I'm very new to erlang, so feedback/comments/optimizations are extremely
welcome.

Thanks,
Kyle

http://www.nabble.com/file/p16820505/rabbit_exchange.erl.diff
rabbit_exchange.erl.diff
http://www.nabble.com/file/p16820505/rabbit_exchange.erl rabbit_exchange.erl
--
View this message in context: http://www.nabble.com/New-exchange-type-tp16820505p16820505.html
Sent from the RabbitMQ mailing list archive at Nabble.com.


_______________________________________________
rabbitmq-discuss mailing list
rabbitmq-discuss@lists.rabbitmq.com
http://lists.rabbitmq.com/cgi-bin/mailman/listinfo/rabbitmq-discuss
Post recived from mailinglist
Guest
Posted: Tue Apr 22, 2008 5:16 am Reply with quote
Guest
Kyle,

Kyle Salasko wrote:
> Recently I put together a new exchange type for RabbitMQ, because none of
> the existing ones completely match our requirements. The problem it solves
> is this: we want a publish-subscribe model where exactly one subscriber
> receives any given message. If we set up a topic exchange and have all
> subscribers listen on the same queue, we get this out of the box. But this
> requires that all messages go to that one queue, which resides on one
> machine, causing a pretty significant bottleneck. A reasonable way around
> this was to implement a new exchange type ("anycast") that picks a random
> queue when a message is routed. The diff and new file for
> rabbit_exchange.erl are attached.
>
> I'm very new to erlang, so feedback/comments/optimizations are extremely
> welcome.

This looks pretty good and implements a useful feature.

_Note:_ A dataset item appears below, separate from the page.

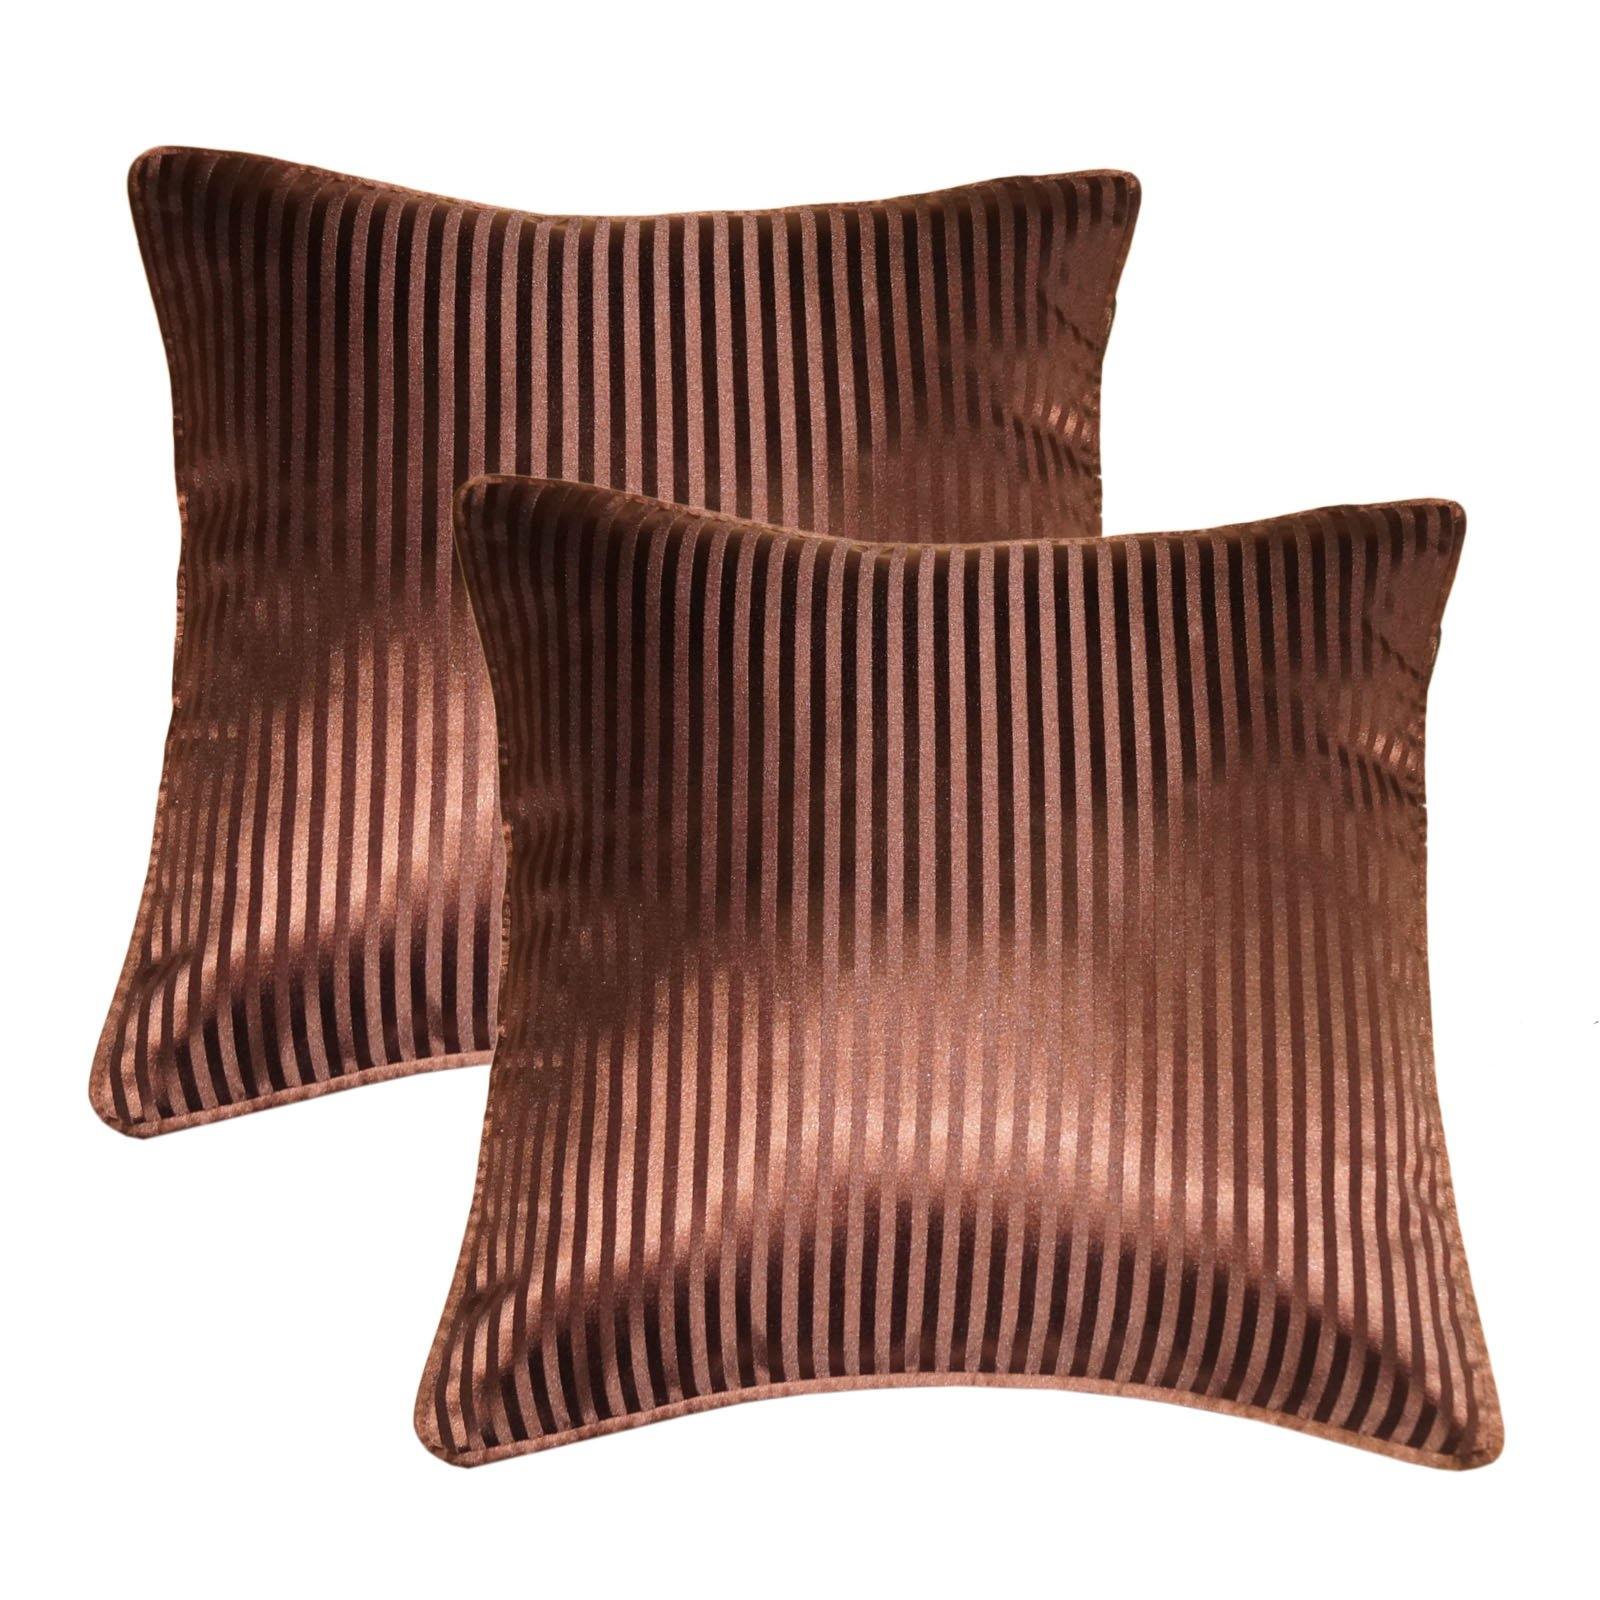 Lushomes chocolate contemporary stripped cushion cover with plain piping, 12 x 12‰۝(Pack of 2) Torantina Collection - Lushomes

It occurred to me that rather than introducing a new exchange type one
could place an indicator in the exchange arguments that turns any
exchange from a multicast to an anycast exchange. That has two advantages:

- we stay entirely within the defined protocol standard

- the user can select the most appropriate matching logic with the
exchange type, rather than being constrained to topic-based matching


Re optimisations: I haven't done any profiling on this, but I believe
erlang:now + random:seed are quite expensive, so it is costly to call
them every time a message is routed. I can think of three ways of fixing
that:

- don't call now+seed at all. That will result in the generated sequence
being the same for all publishing channels, which may or may not be a
problem

- call now+seed on channel creation. During normal operation channels
are the only processes invoking the routing code, so this catches all
the interesting cases.

- use a flag in the process dictionary to indicate whether the random
number generator has been seeded. Check/set that flag in your current
code that invokes random:uniform. This has the same effect as the
previous approach but is a less intrusive change since you don't need to
touch any other modules.


Matthias

_______________________________________________
rabbitmq-discuss mailing list
rabbitmq-discuss@lists.rabbitmq.com
http://lists.rabbitmq.com/cgi-bin/mailman/listinfo/rabbitmq-discuss
Post recived from mailinglist
Guest
Posted: Tue Apr 22, 2008 7:05 am Reply with quote
Guest
>> Recently I put together a new exchange type for RabbitMQ, because none of
>> the existing ones completely match our requirements. The problem it solves
>> is this: we want a publish-subscribe model where exactly one subscriber
>> receives any given message. If we set up a topic exchange and have all
>> subscribers listen on the same queue, we get this out of the box. But this
>> requires that all messages go to that one queue, which resides on one
>> machine, causing a pretty significant bottleneck. A reasonable way around
>> this was to implement a new exchange type ("anycast") that picks a random
>> queue when a message is routed. The diff and new file for
>> rabbit_exchange.erl are attached.
>>
I've seen this requirement before, however, AFAICS it breaks AMQP model.
The exchanges are meant to be used for message distribution, i.e. the
message should be delivered to *all* queues with appropriate binding to
the exchange. Queues are intended to do the load-balancing. Not adhering
to this model causes problems with some more sophisticated use cases
(wire-tapping, federation). It also introduces a lot of unfairness to
the load-balancing algorithm. Why do you believe a single queue would
create a significantly graver bottleneck when compared to a single exchange?

Martin

_______________________________________________
rabbitmq-discuss mailing list
rabbitmq-discuss@lists.rabbitmq.com
http://lists.rabbitmq.com/cgi-bin/mailman/listinfo/rabbitmq-discuss
Post recived from mailinglist
Guest
Posted: Wed Apr 23, 2008 3:20 am Reply with quote
Guest
Matthias,

Quote:
It occurred to me that rather than introducing a new exchange type one could place an indicator in the exchange arguments that turns any exchange from a multicast to an anycast exchange. That has two advantages:

- we stay entirely within the defined protocol standard

- the user can select the most appropriate matching logic with the exchange type, rather than being constrained to topic-based matching

I'll take a look at this when I get a chance, sounds like a decent idea to me.


Quote:
- use a flag in the process dictionary to indicate whether the random number generator has been seeded. Check/set that flag in your current code that invokes random:uniform. This has the same effect as the previous approach but is a less intrusive change since you don't need to touch any other modules.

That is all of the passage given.